Wymer Kevin, Ziegelmann Matthew, Savage Joshua, Kohler Tobias, Trost Landon
Department of Urology, Mayo Clinic, Rochester, MN.
Department of Urology, Mayo Clinic, Rochester, MN.
Urology. 2018 Sep;119:109-114. doi: 10.1016/j.urology.2018.06.003. Epub 2018 Aug 10.
To compare outcomes of men with or without calcified plaques undergoing collagenase Clostridium histolyticum (CCH) injections for Peyronie's disease (PD) and identify predictors of CCH success.
From March 2014 through January 2017, data were prospectively collected on 192 patients who underwent 1-4 cycles of CCH for the treatment of PD. Of these, 115 completed ≥2 CCH cycles and had data on curvature assessment. The primary outcome was the percentage of men with >20% improvement in composite curvature. Univariate analysis was performed to compare rate of success based on patient and disease characteristics, and multivariate logistic regression was used to identify predictors of successful treatment.

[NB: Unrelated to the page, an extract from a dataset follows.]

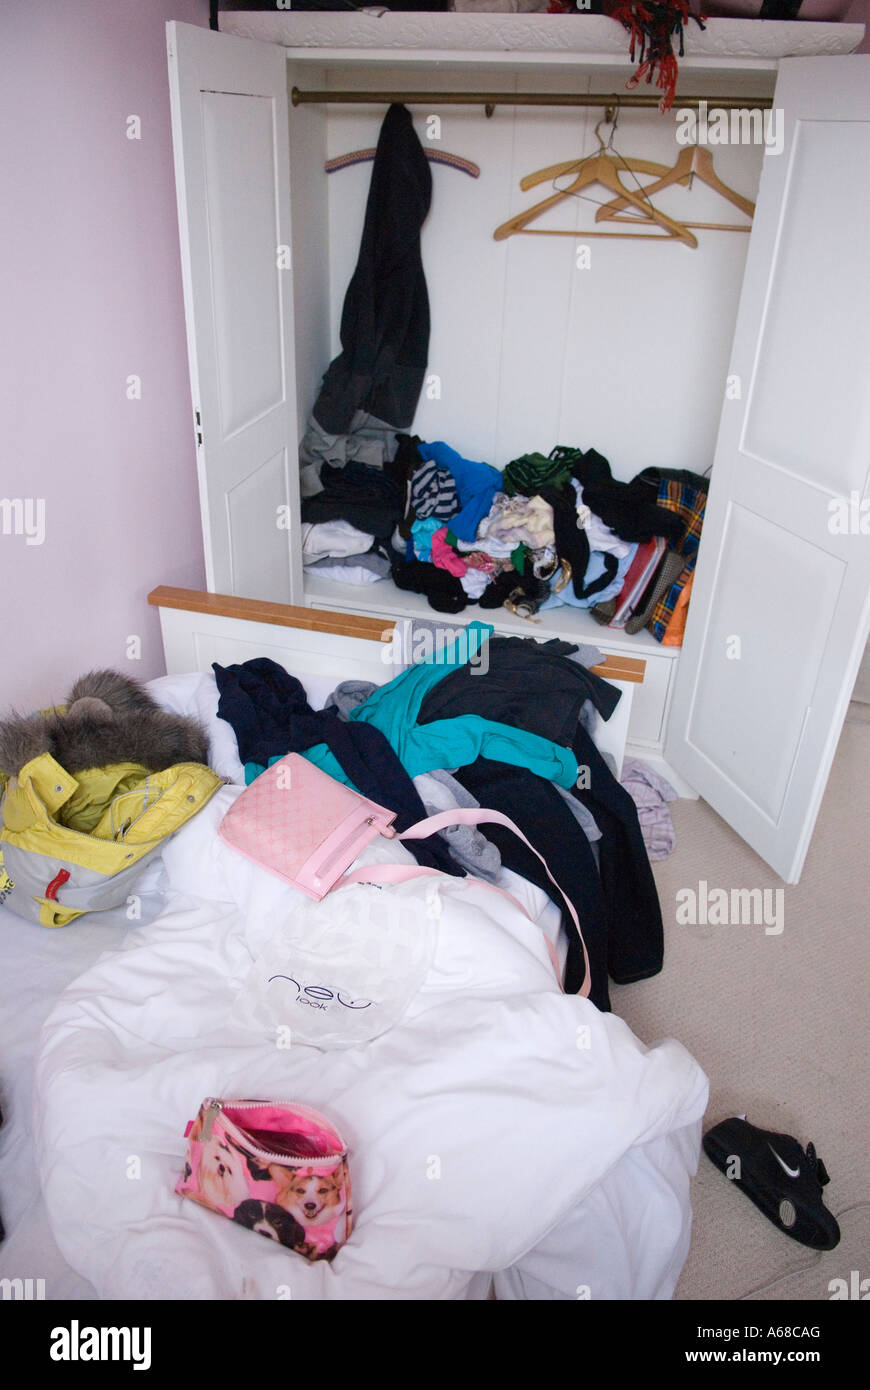 Jugendliche ungepflegt unordentlich Schlafzimmer UK. Jugendlich Mädchen, fünfzehn Jahre altes Bett Zimmer und ungemachten Bett und Schrank HOMER SYKES Stockfoto

Calcified plaques were identified in 34 of 115 (30%) patients. Patients with calcified plaque were younger, had longer duration of disease, and higher rates of significant erectile dysfunction. On multivariate logistic regression controlling for calcification and degrees composite curvature, noncalcified plaque (odds ratio 2.50; 95% confidence interval 1.06-6.00; P = .03) and curvature ≥60° (odds ratio 5.01; 95% confidence interval 1.34-21.62; P = .02) were found to be significant predictors of ≥20% improvement in composite curvature. When differentiated by calcification severity, those with no calcification achieved significant improvements in curvature (28.1° vs 10.3°, P = .04), compared to moderate (shadowing) or severe (>1 cm).
Plaque calcification is associated with a significantly lower rate of success of CCH therapy for PD, while greater baseline curvature is associated with increased odds of successful curvature improvement.
比较接受溶组织梭状芽孢杆菌胶原酶(CCH)注射治疗佩罗尼氏病(PD)的男性患者有无钙化斑块的治疗结果,并确定CCH治疗成功的预测因素。
2014年3月至2017年1月,前瞻性收集192例接受1 - 4个周期CCH治疗PD的患者的数据。其中,115例完成了≥2个CCH周期,并具有曲率评估数据。主要结局是复合曲率改善>20%的男性患者百分比。基于患者和疾病特征进行单因素分析以比较成功率,并使用多因素逻辑回归来确定成功治疗的预测因素。
115例患者中有34例(30%)发现有钙化斑块。有钙化斑块的患者更年轻,病程更长,严重勃起功能障碍的发生率更高。在控制钙化和复合曲率程度的多因素逻辑回归分析中,发现无钙化斑块(比值比2.50;95%置信区间1.06 - 6.00;P = 0.03)和曲率≥60°(比值比5.01;95%置信区间1.34 - 21.62;P = 0.02)是复合曲率改善≥20%的显著预测因素。按钙化严重程度区分时,与中度(阴影)或重度(>1 cm)钙化相比,无钙化的患者曲率有显著改善(28.1°对10.3°,P = 0.04)。
斑块钙化与CCH治疗PD的成功率显著降低相关,而更大的基线曲率与曲率改善成功的几率增加相关。